Когда архиепископ закончил говорит и поднял руки, широко их раставив, к небу, генерал-фельдвахмейстер Громогоров вскочил на ноги и демонстративно аплодировал с полминуты, после чего эффектно развернулся на каблуках и засеменил к выходу.

Генерал Фундамент, с трудом сдерживая зевоту, перекрестился и так же пошёл на выход, за ним поспешили, как утята за уткой, жандармская охрана и Бернхард фон Плюйс. Те, кто не спал, поспешили покинуть готический свод и выйти на городской воздух, но только не полковник Котиха. Всю проповедь он сидел в задумчивости на задней скамье и держался большим и указательным пальцами за подбородок. Обернувшись в след генералу Фундаменту, он встал и направился к архиепископу, который уже сошёл с амвона.

- Святой отец!

Архиепископ оглянулся. К нему подошёл полковник Котиха, встал на колено, склонил голову и сложил руки в молитвенной позе.
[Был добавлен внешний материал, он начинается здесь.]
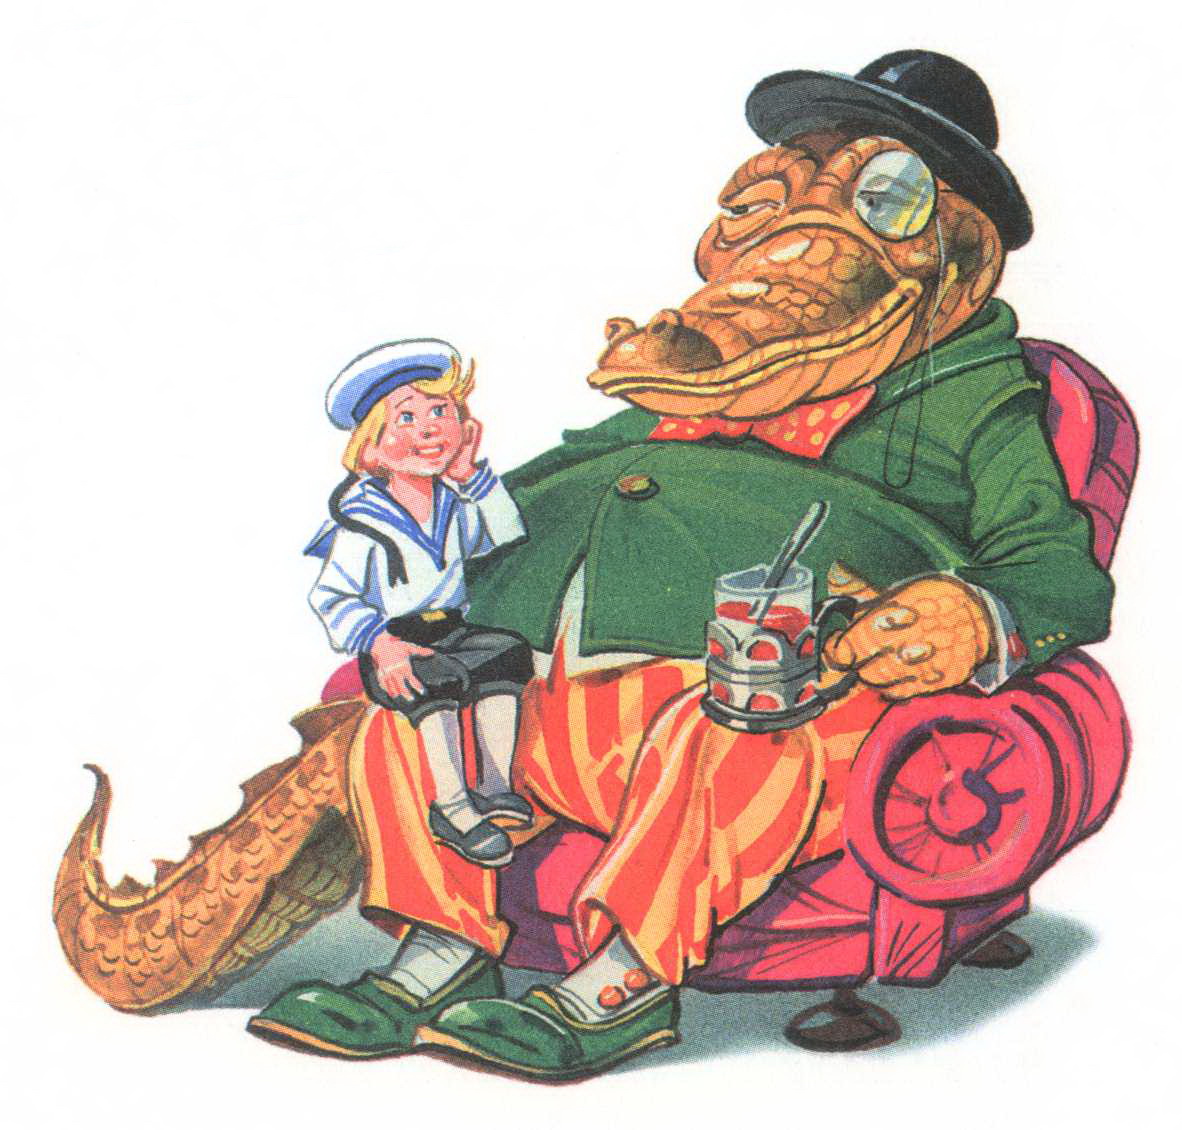 Иллюстрация к сказке "Крокодил" Чуковский
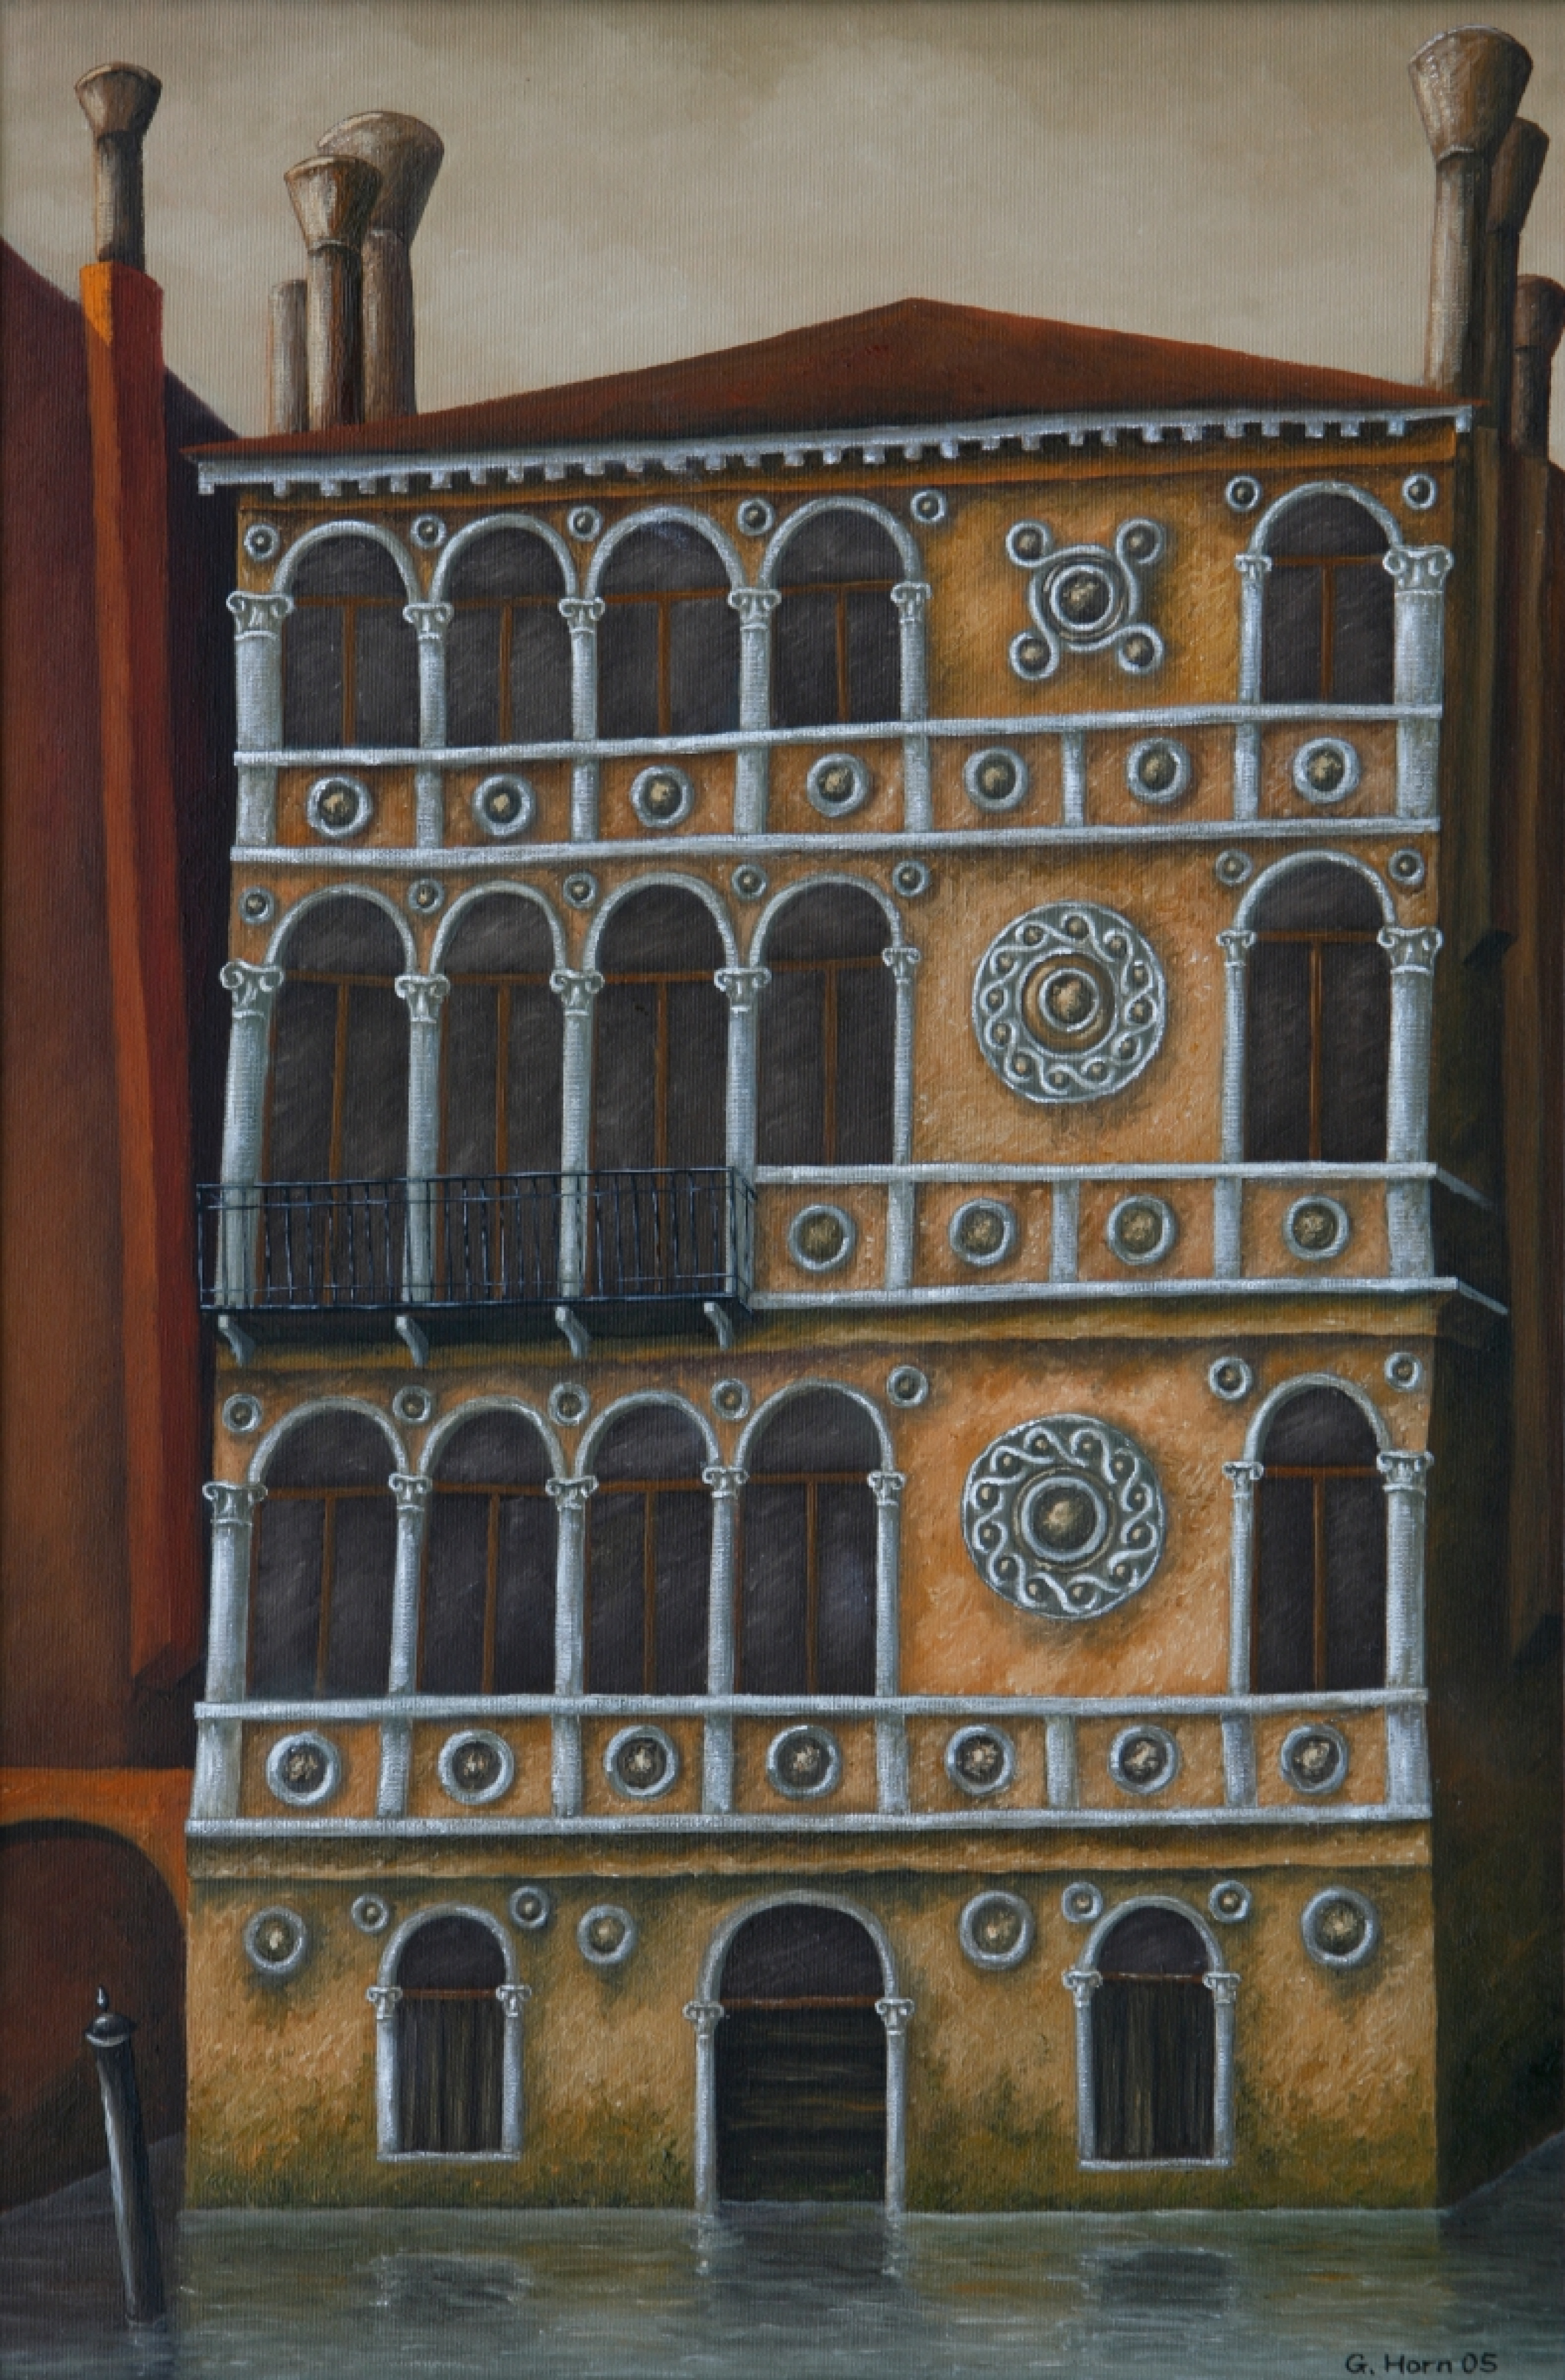 Abbildung von Palazzo ca da Mosto 2005 von Günter Horn

- Благословите, святой отец.

- На что же тебя благословить, раб божий Сидор?

- На еврейский погром, святой отец.

Глаза архиепископа зажглись.

- Ты помнишь мою долю, раб божий Сидор?

- Сорок процентов, святой отец.

Рука архиепископа сложила пальцы для крестного знамения.

- Тогда благословяю, раб божий Сидор.

- Благодарю, святой отец.

Полковник Котиха поднялся и поцеловал руку архиепископа, после чего направился вдоль нефа к выходу, будя по дороге задремавших товарищей хлопком по плечу, провозглашая при этом:

- Господа офицеры, оружие к бою. Или вы забыли, что у нас на сегодня намеченно?

Евреи жили по старой европейской традиции обособленно, в своём уютном квартальчике, которому в тот воскресный день предстояло стать объектом погрома.

А началось всё с того, что к безоружным евреям вломились несколько десятков вооруженных офицеров рассыпающейся на глазах императорской армии. Они врывались в дома, избивали, не щадя ни кого, и забирали самое ценное и то, что хоть мало-мальски имеет цену. Тех, кто оказывал сопротивление, безжалостно убивали. Убивали офицеры и тех, кто выбегал на улицу. Им вспарывали животы, выкалывали глаза, вырезали латинские кресты на груди и спине и звёзды Давида на плечах, рубили шашками, калечили и убивали и другими изощрёнными способами. Особенно отличился полковник Котиха: выхватив за ноги из коляски младенца зарубленной им только что матери, он замахнулся и разбил ему голову об каменную стену синагоги.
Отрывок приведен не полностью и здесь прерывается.